Data shown:
=== Section Start ===
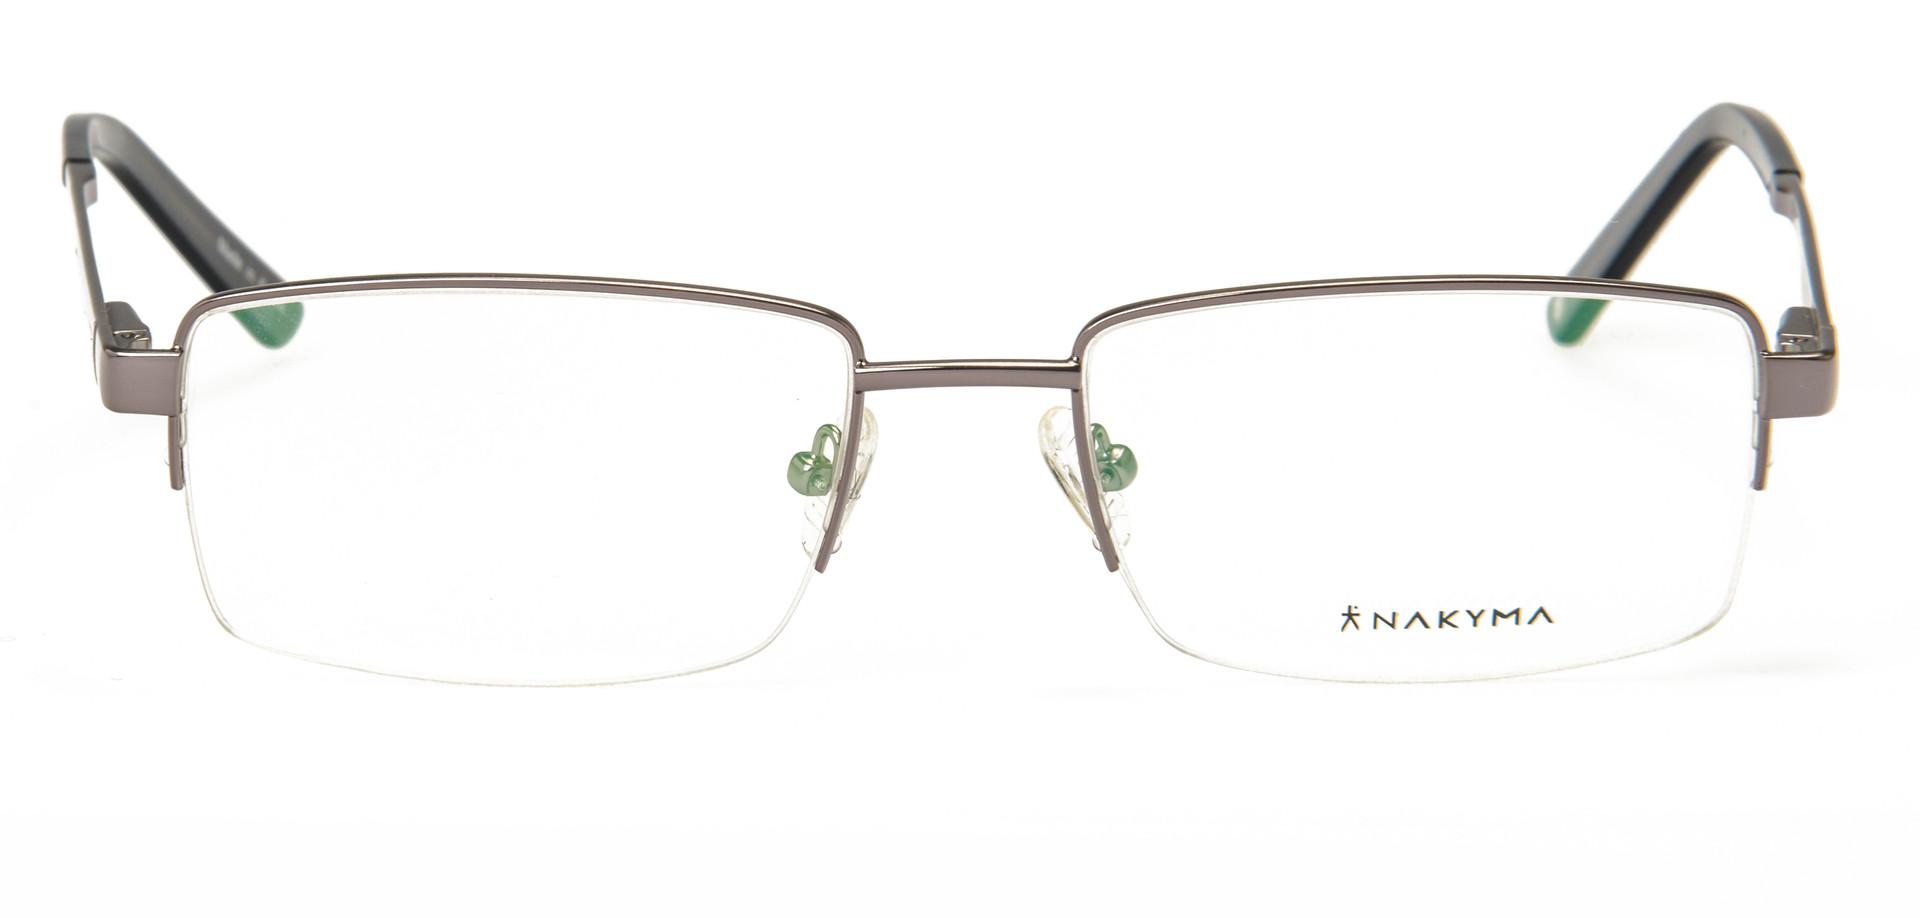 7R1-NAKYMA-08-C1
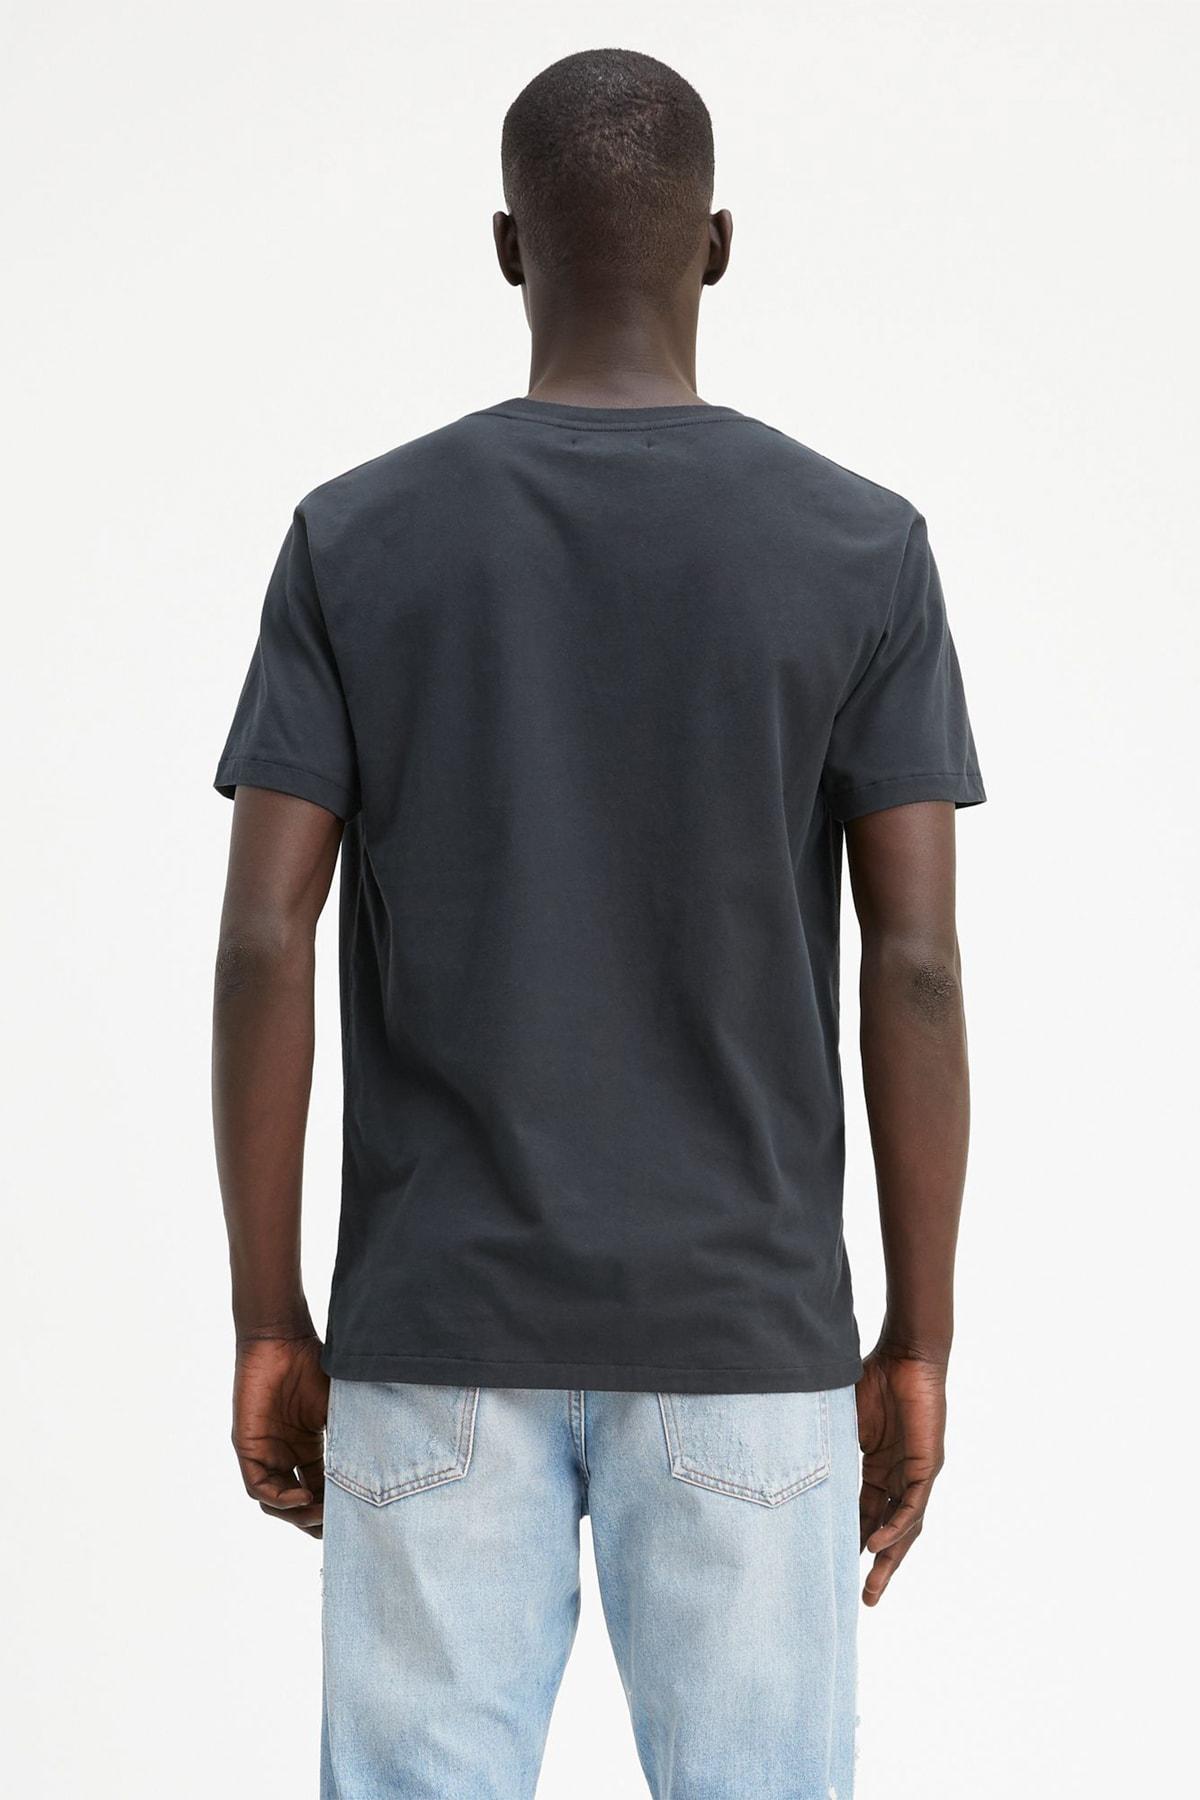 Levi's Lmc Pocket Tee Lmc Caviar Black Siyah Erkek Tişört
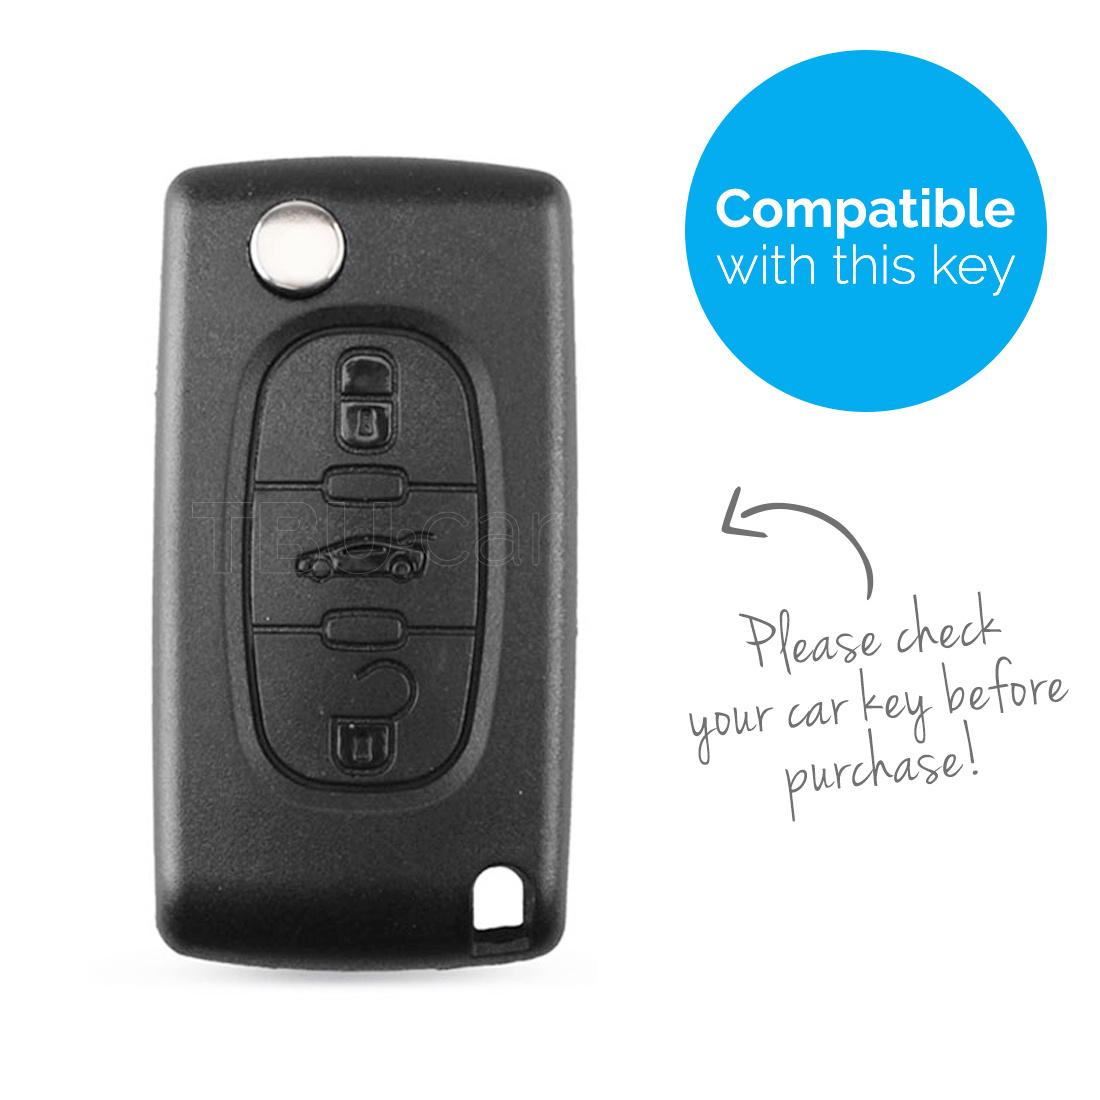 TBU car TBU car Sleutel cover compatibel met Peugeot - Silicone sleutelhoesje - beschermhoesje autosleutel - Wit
=== Section End ===
Once the pictures are set aside, give the rest of the listing again exactly.

Written answer:
 7R1-NAKYMA-08-C1
 Levi's Lmc Pocket Tee Lmc Caviar Black Siyah Erkek Tişört
 TBU car TBU car Sleutel cover compatibel met Peugeot - Silicone sleutelhoesje - beschermhoesje autosleutel - Wit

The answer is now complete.